Struck Gogh-ld.
A newly discovered Vincent van Gogh painting worth $15 million was likely found at a dusty Minnesota garage sale — where a buyer plunked down less than $50 for the world-famous artist’s work, according to a team of New York-based experts.
The previously unknown oil portrait depicts a fisherman smoking a pipe and was created in 1889 — the same year van Gogh painted his masterpiece “The Starry Night” at a psychiatric ward in southern France, ArtNews.com reported Wednesday.
The impressionist painting was snapped up at a Minnesota garage sale by an anonymous antiques collector for less than $50 several years ago and is now believed to be worth a whopping $15 million, according to a team of roughly 20 experts.
“[I was] struck by what I saw,” Maxwell Anderson, a former Metropolitan Museum of Art curator, told The Wall Street Journal.
He said smile lines framing the fisherman’s face were van Gogh-esque and that there was a single red hair — the hue of the late artist’s locks — embedded in the paint.
To determine if it was authentic, he teamed up with a group of conservators, scientists and historians, who now believe the work was made by the troubled genius, the paper reported.
The experts also matched red pigment in the painting to a brand of paint used in southern France in the late 19th century.
The piece depicts a fisherman with a white beard repairing his net next to an empty shoreline with the word “Elimar”— likely the subject’s name — scrawled in the lower right-hand corner, the outlet reported.
“This moving likeness embodies van Gogh’s recurring theme of redemption, a concept frequently discussed in his letters and art,” Anderson said in a statement. “Through Elimar, van Gogh creates a form of spiritual self-portrait, allowing viewers to see the painter as he wished to be remembered.”

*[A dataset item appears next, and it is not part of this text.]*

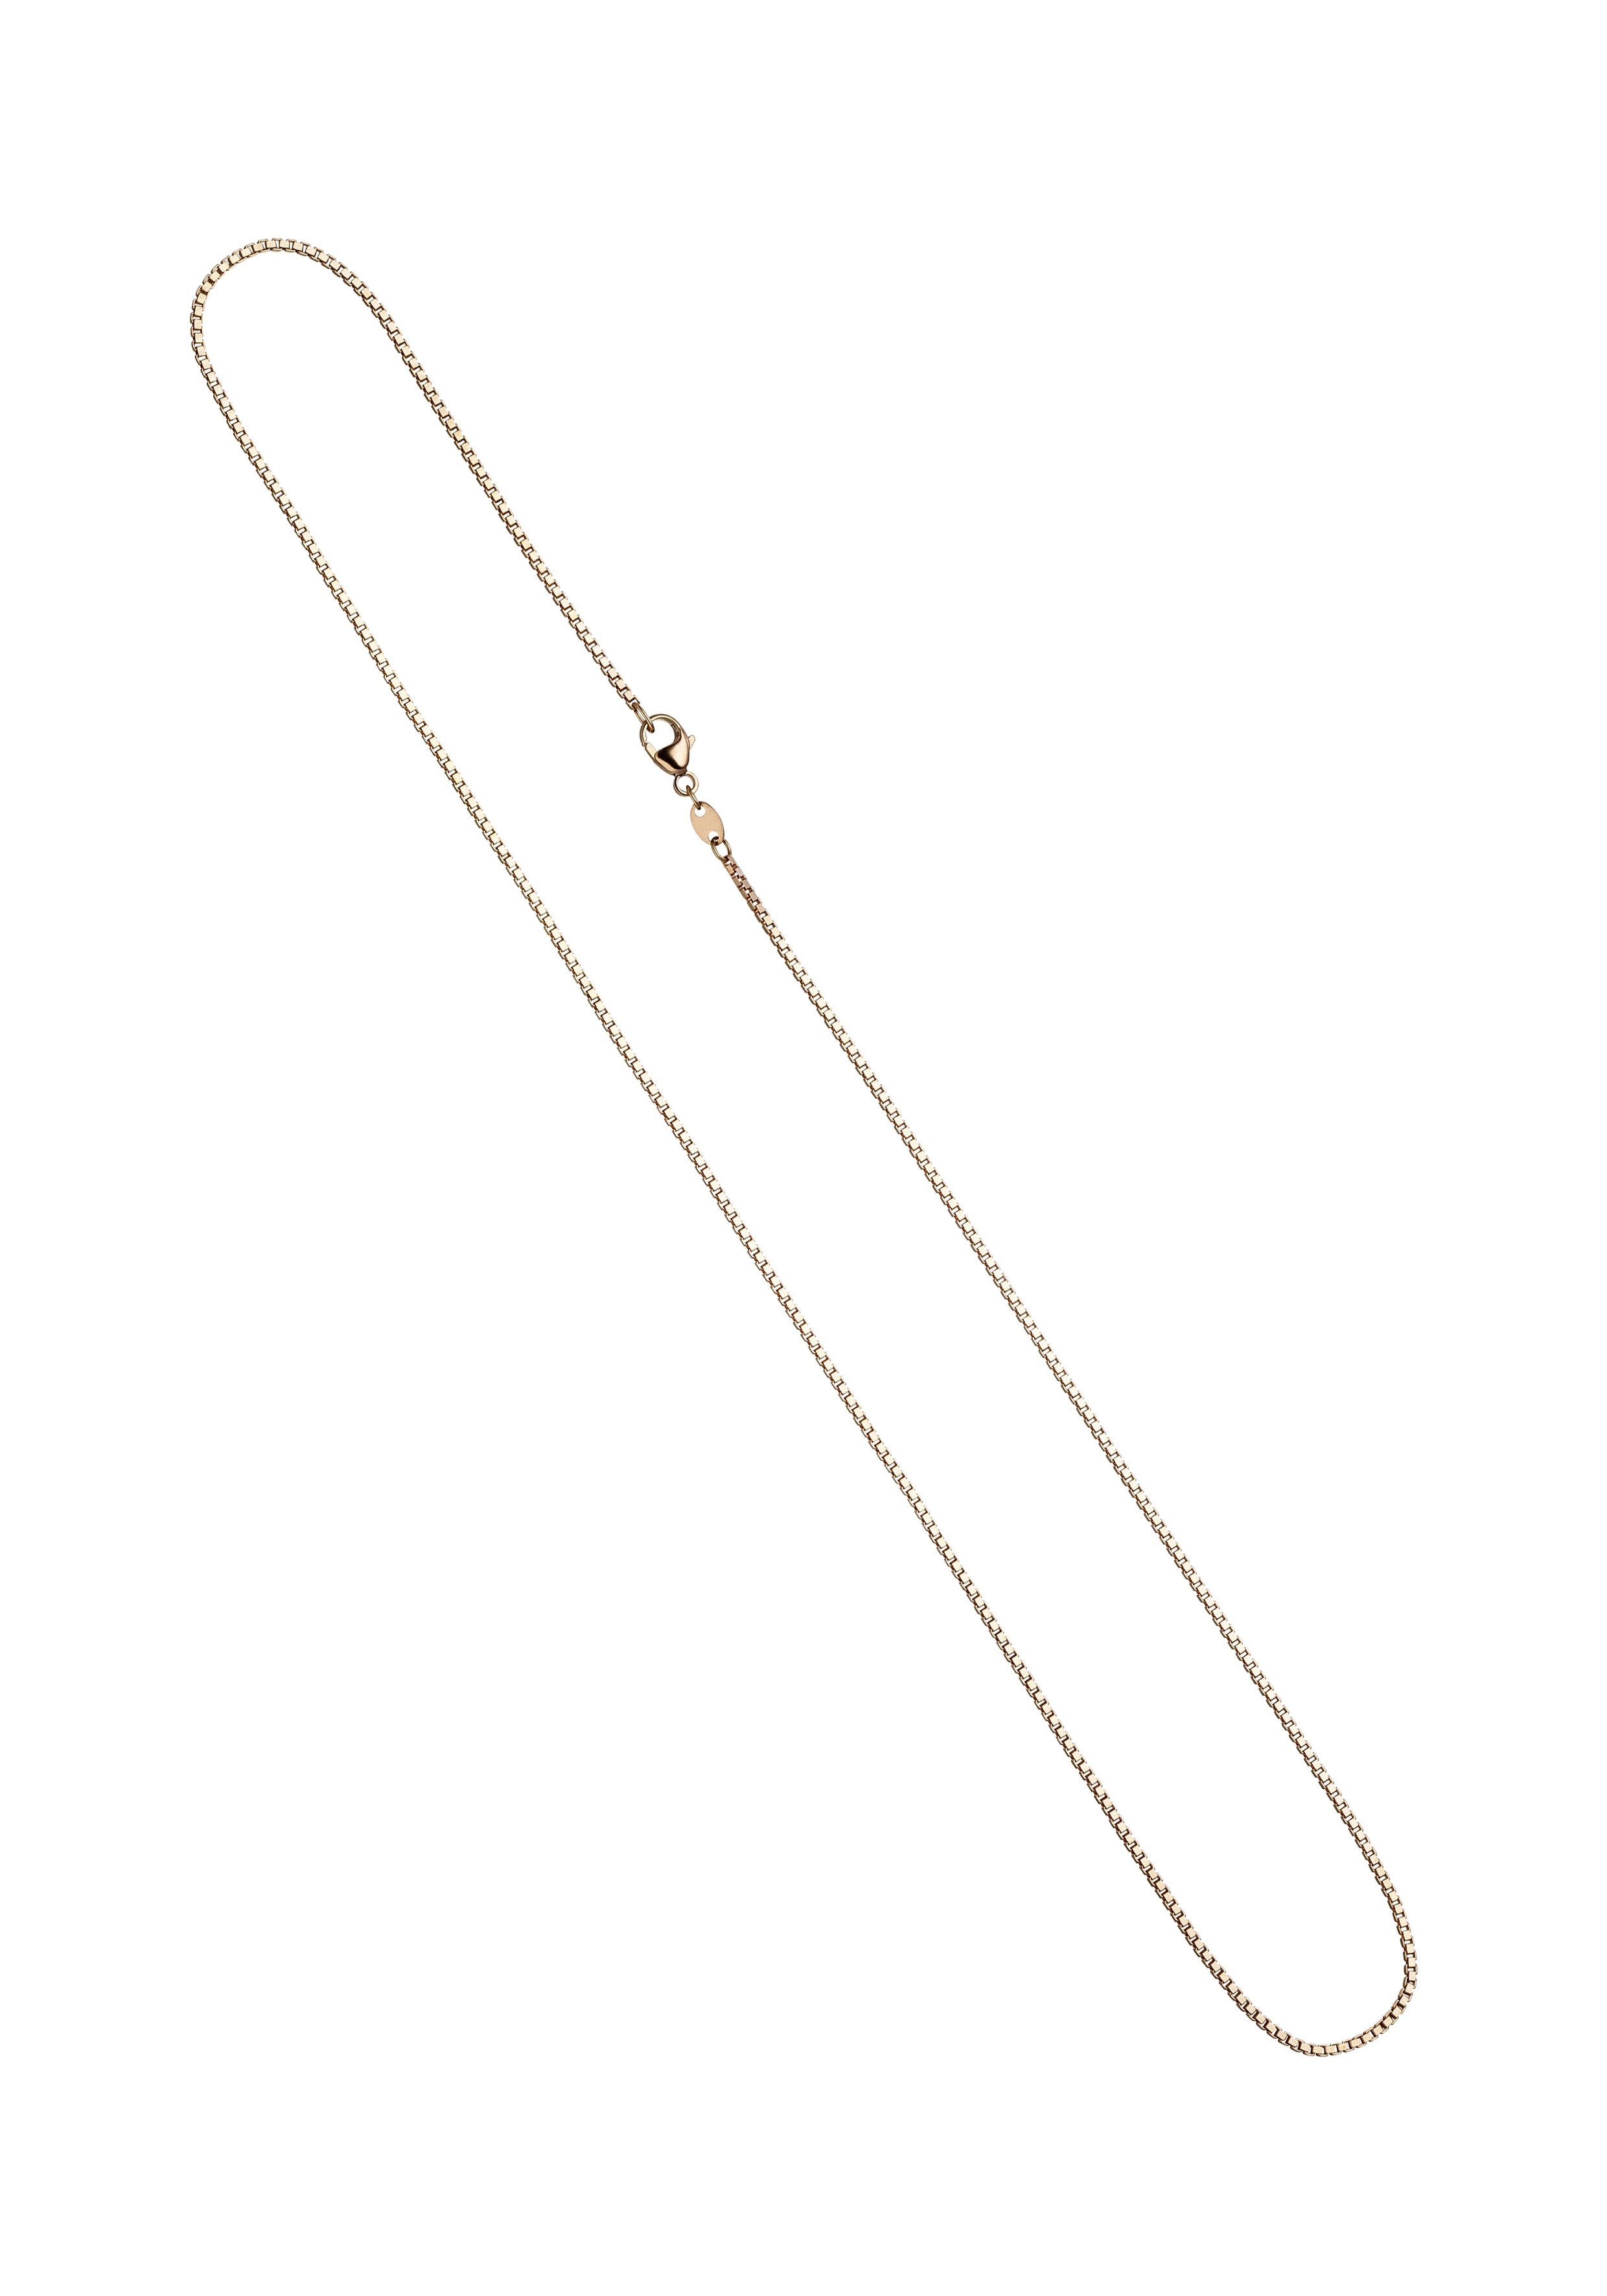 JOBO Goldkette Venezianerkette, 585 Roségold 1,2 mm 50 cm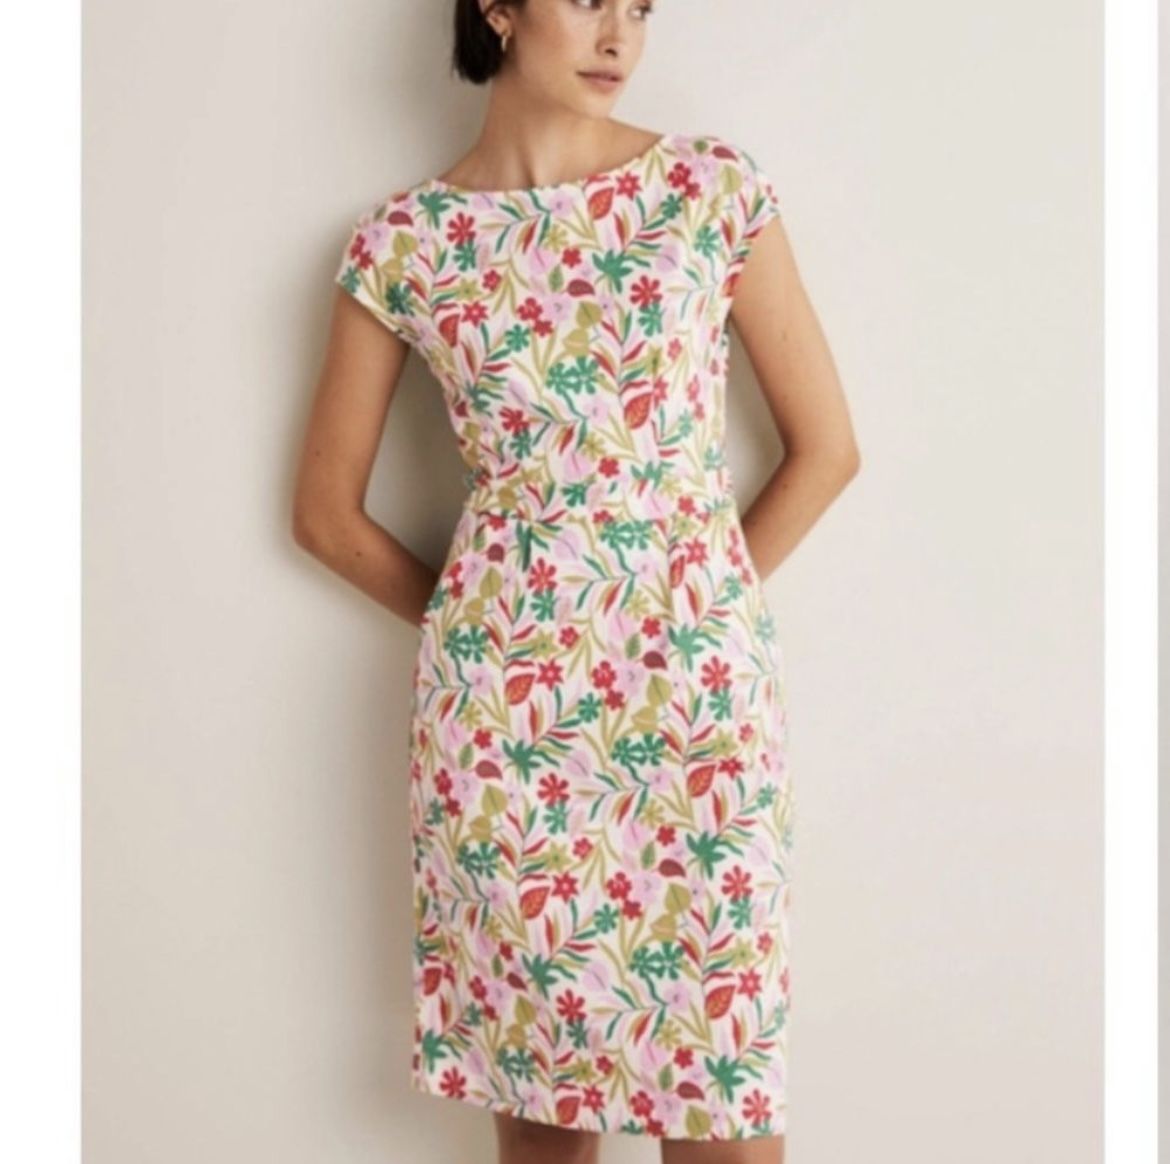 Boden Florrie Floral Cotton Jersey Dress - Size 2P

The painting still needs to be given a thumbs up by the Van Gogh Museum in Amsterdam before it’s officially recognized as authentic.
While authenticating the art, a team of roughly 20 experts — from fields including chemistry, art and patent law — joined forces for the New York-based art research firm LMI Group, which bought the painting from the anonymous antiques collector in 2019.